* [What the task asks]
Copy every line of the data below exactly as given, except for the pictures.

* [Provided material]
════════════════
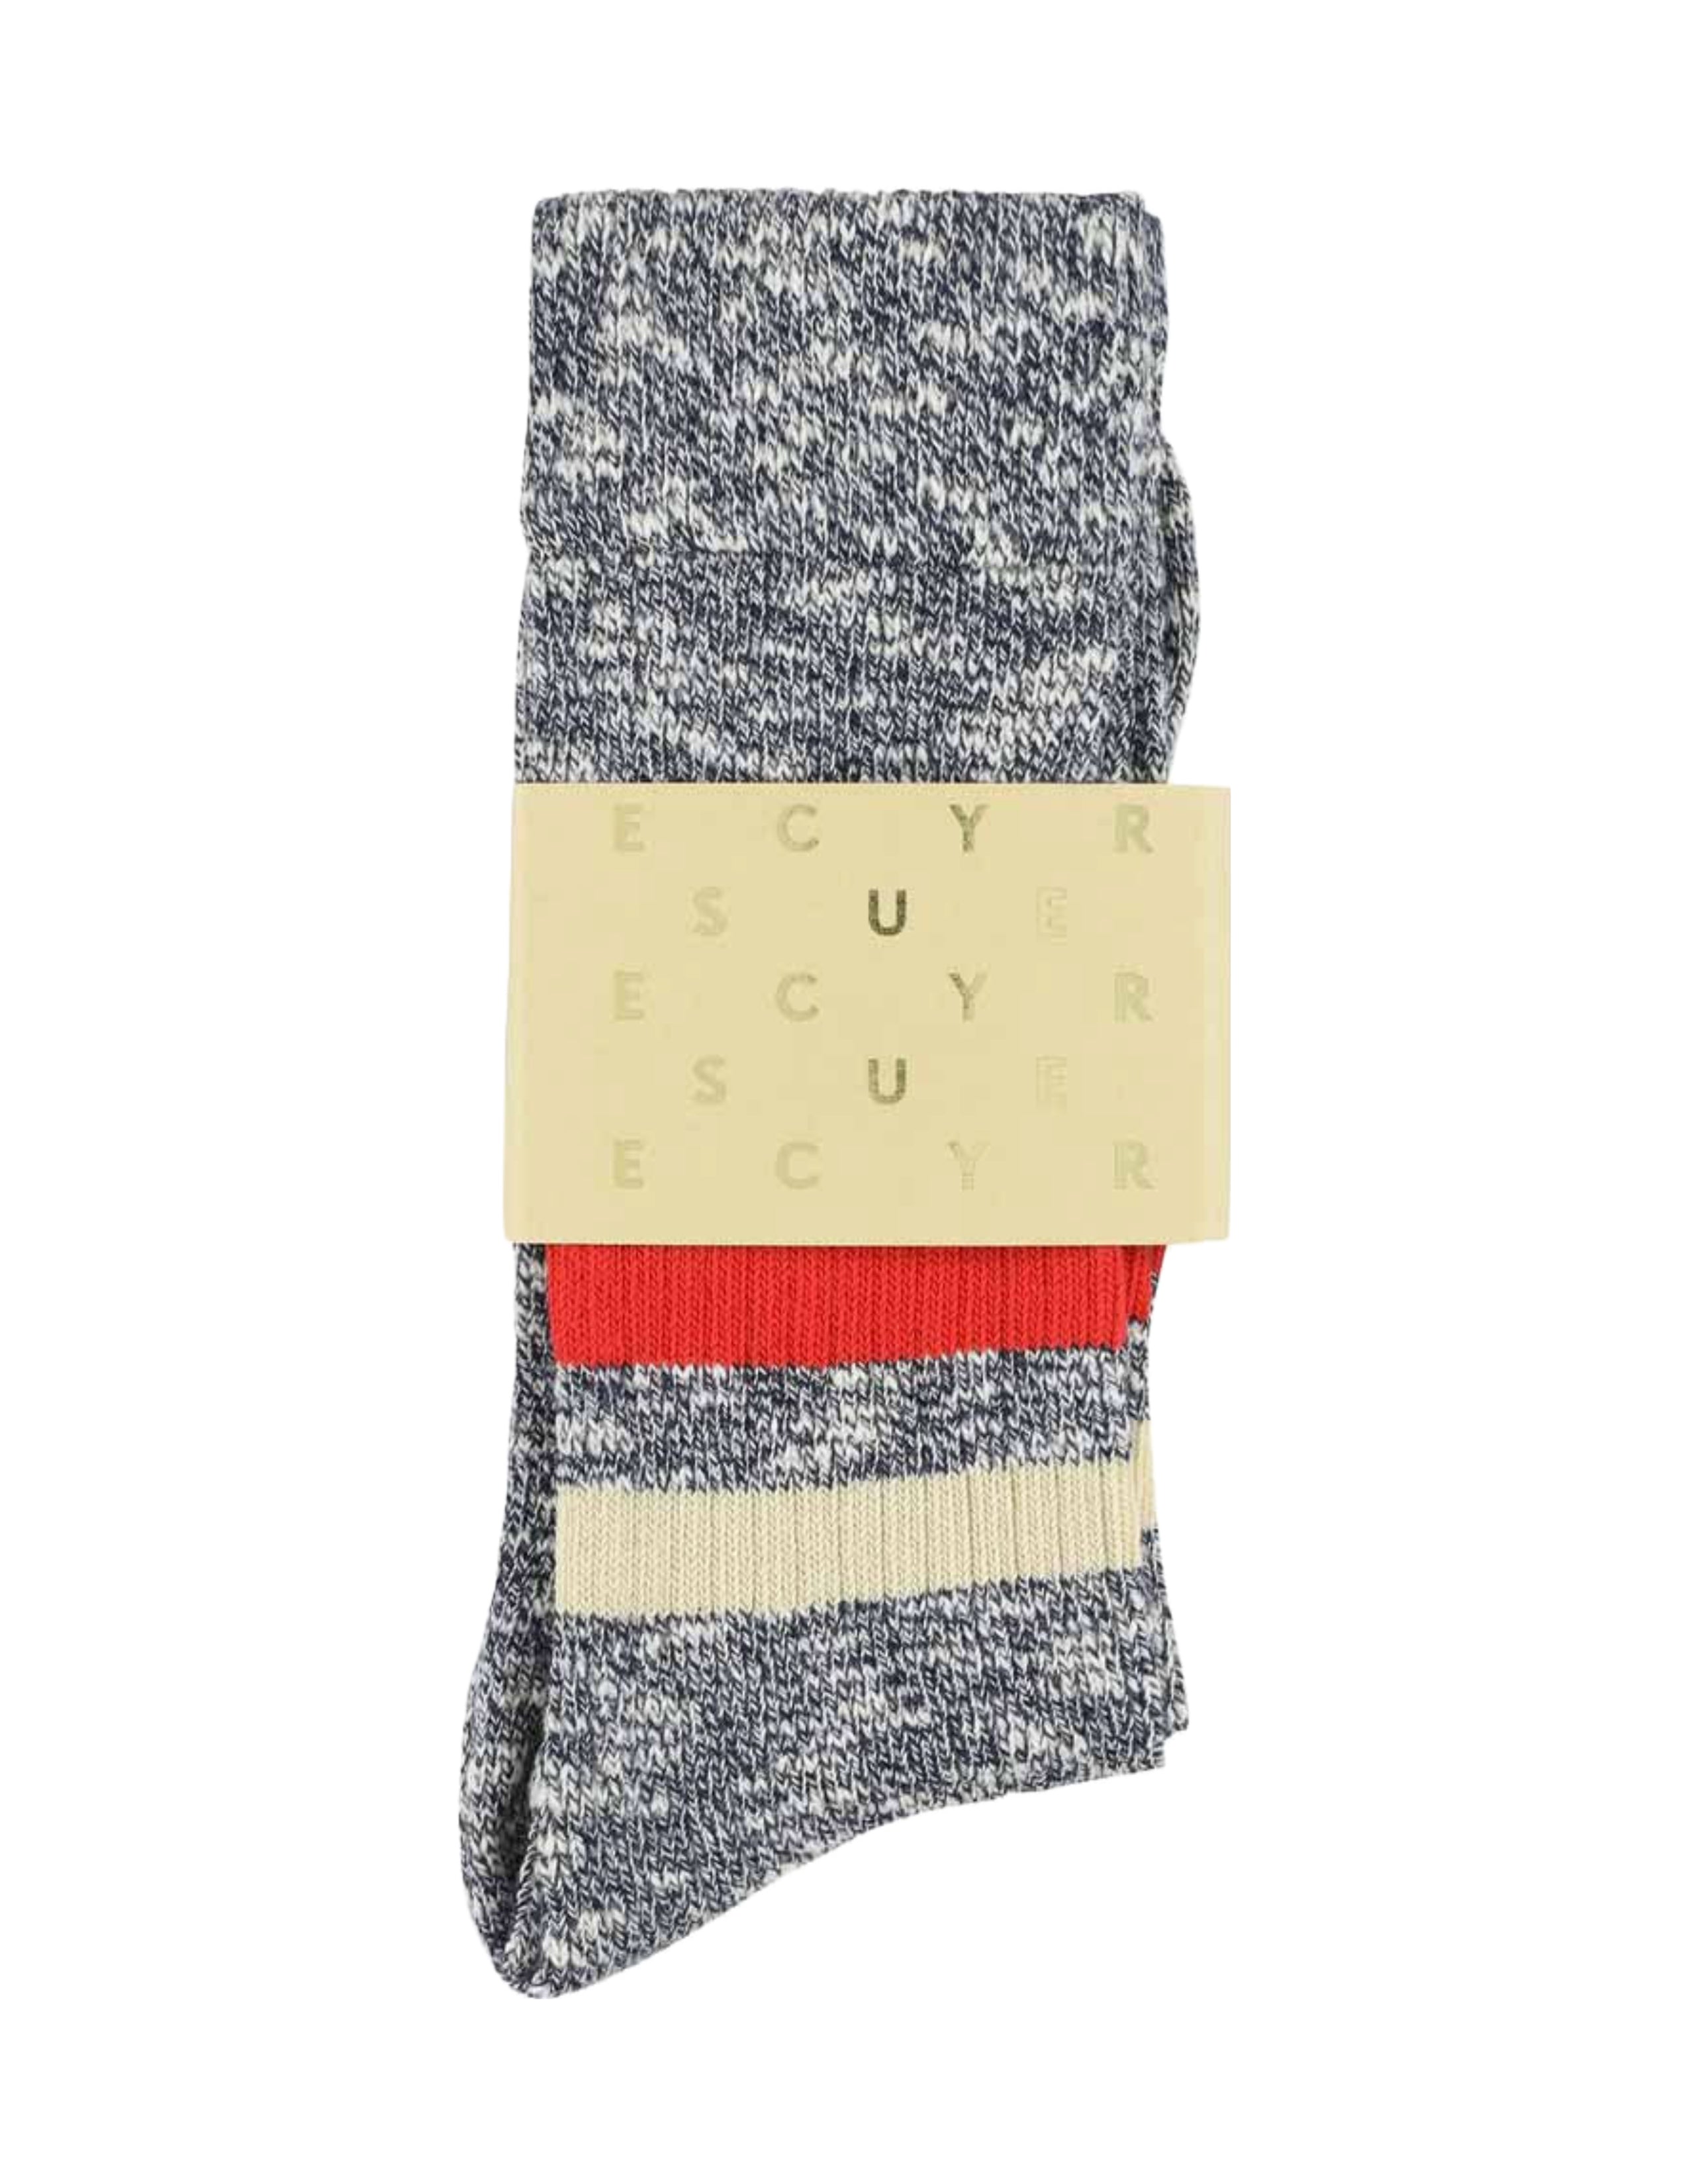 Melange Stripe Socks - Navy/Orange/Ecru
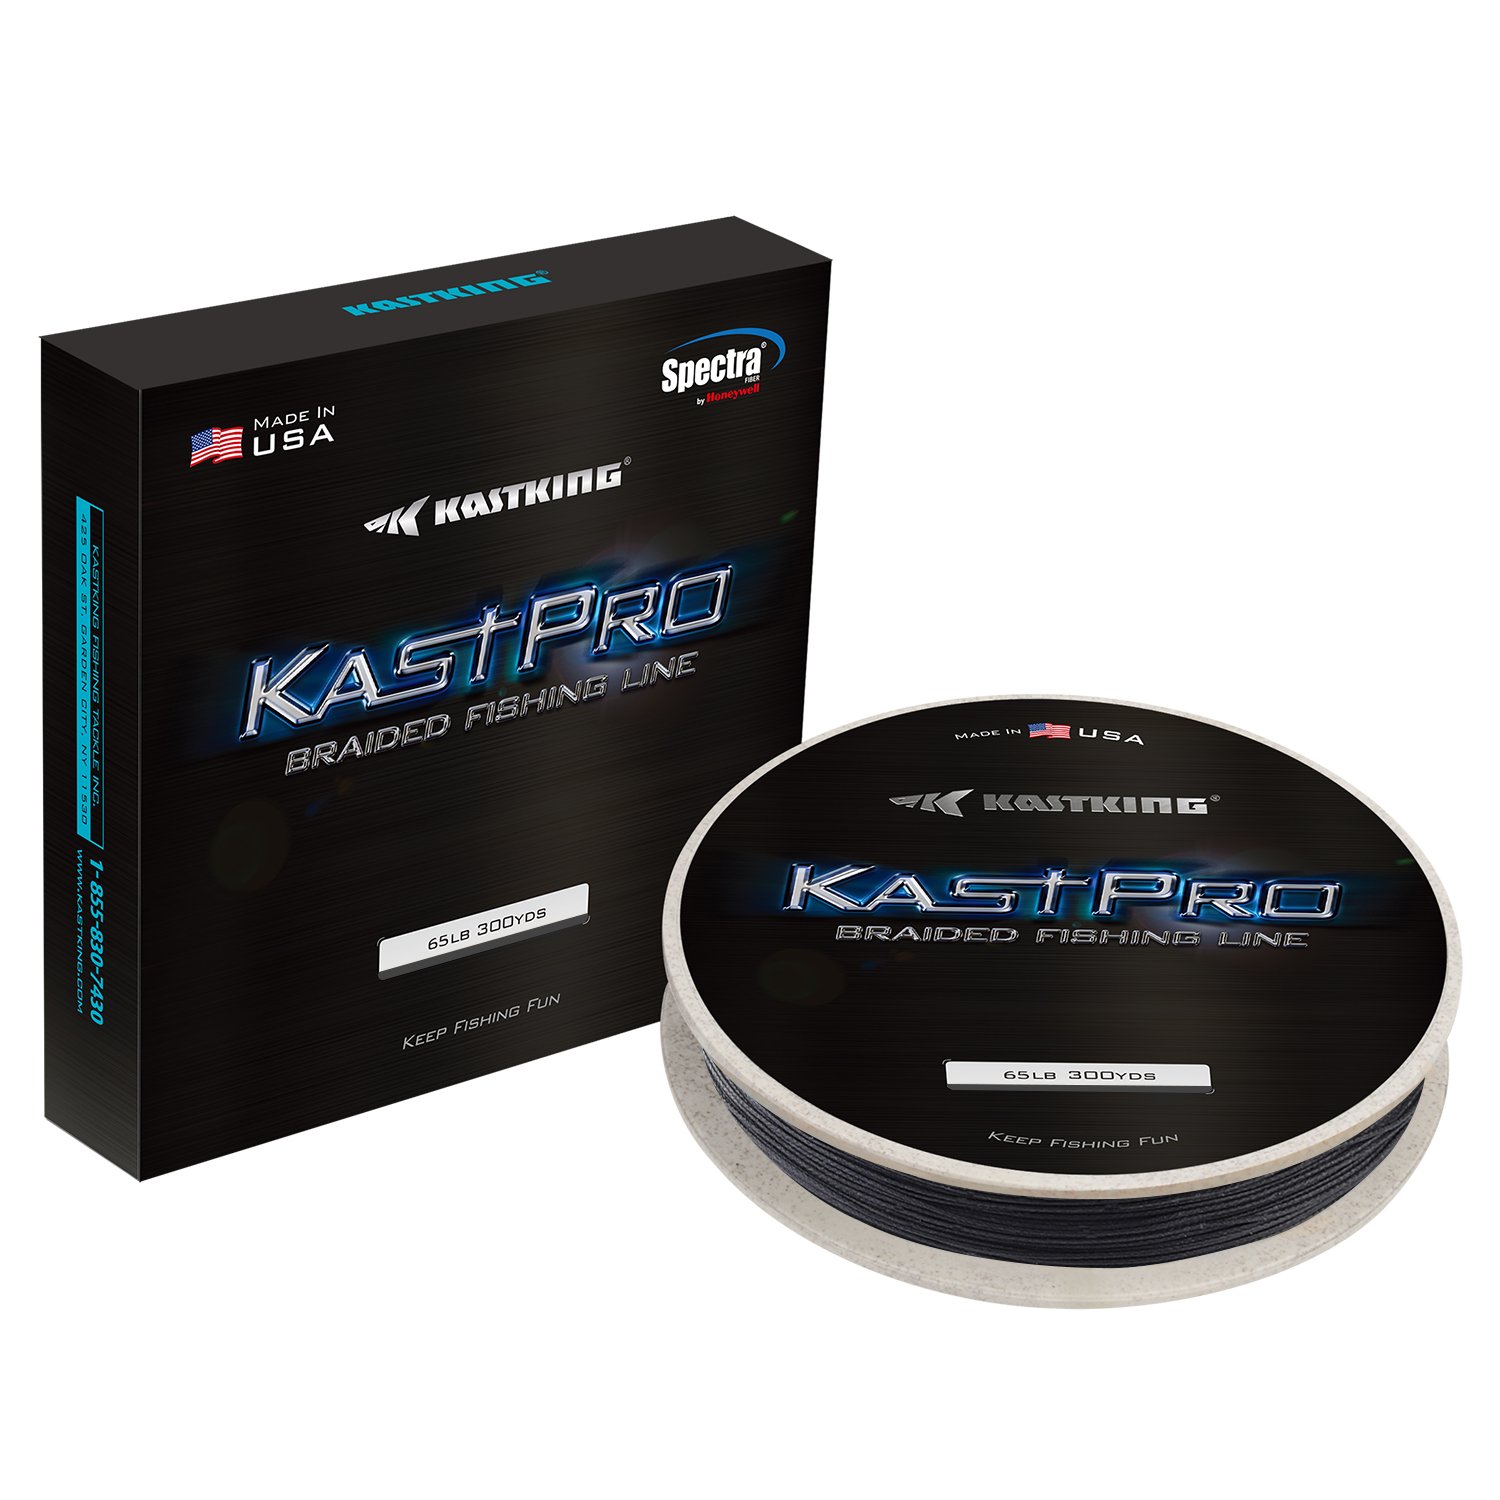 KastKing KastPro Braided Fishing Line - Spectra Super Line - Made
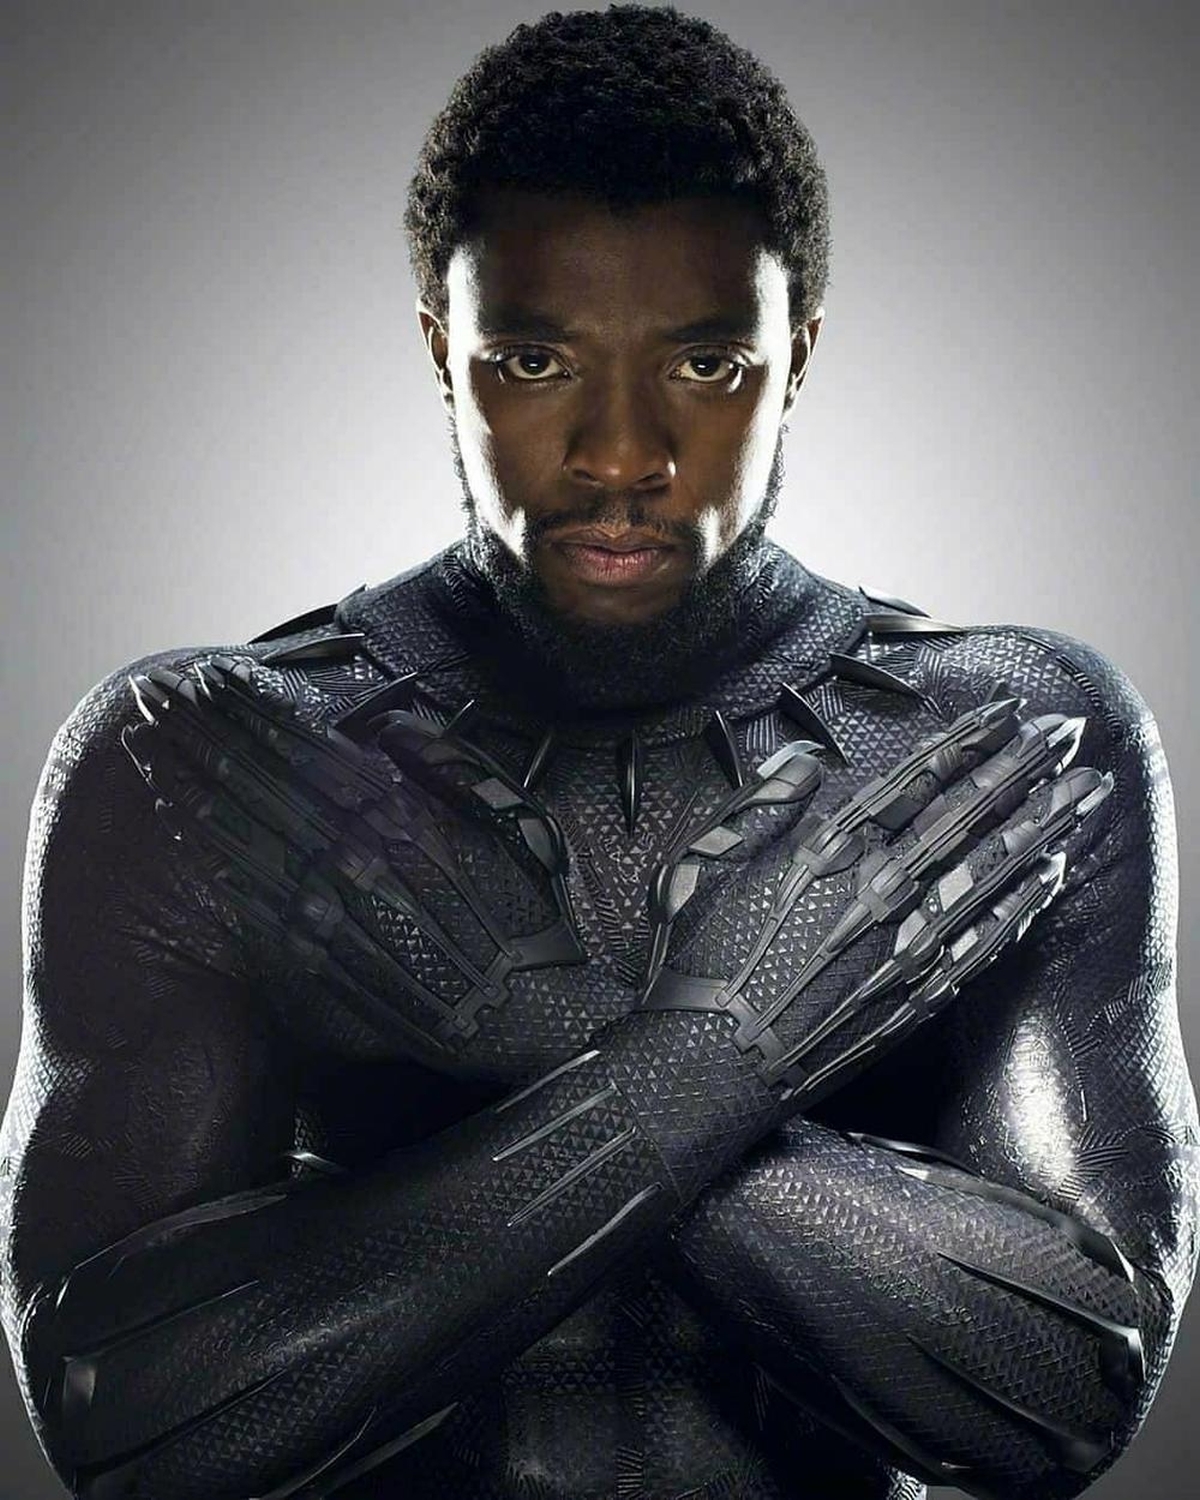 Chadwick Boseman (1976-2020) as Black Panther
════════════════
* [Response to this task]
 Melange Stripe Socks - Navy/Orange/Ecru
 KastKing KastPro Braided Fishing Line - Spectra Super Line - Made
 Chadwick Boseman (1976-2020) as Black Panther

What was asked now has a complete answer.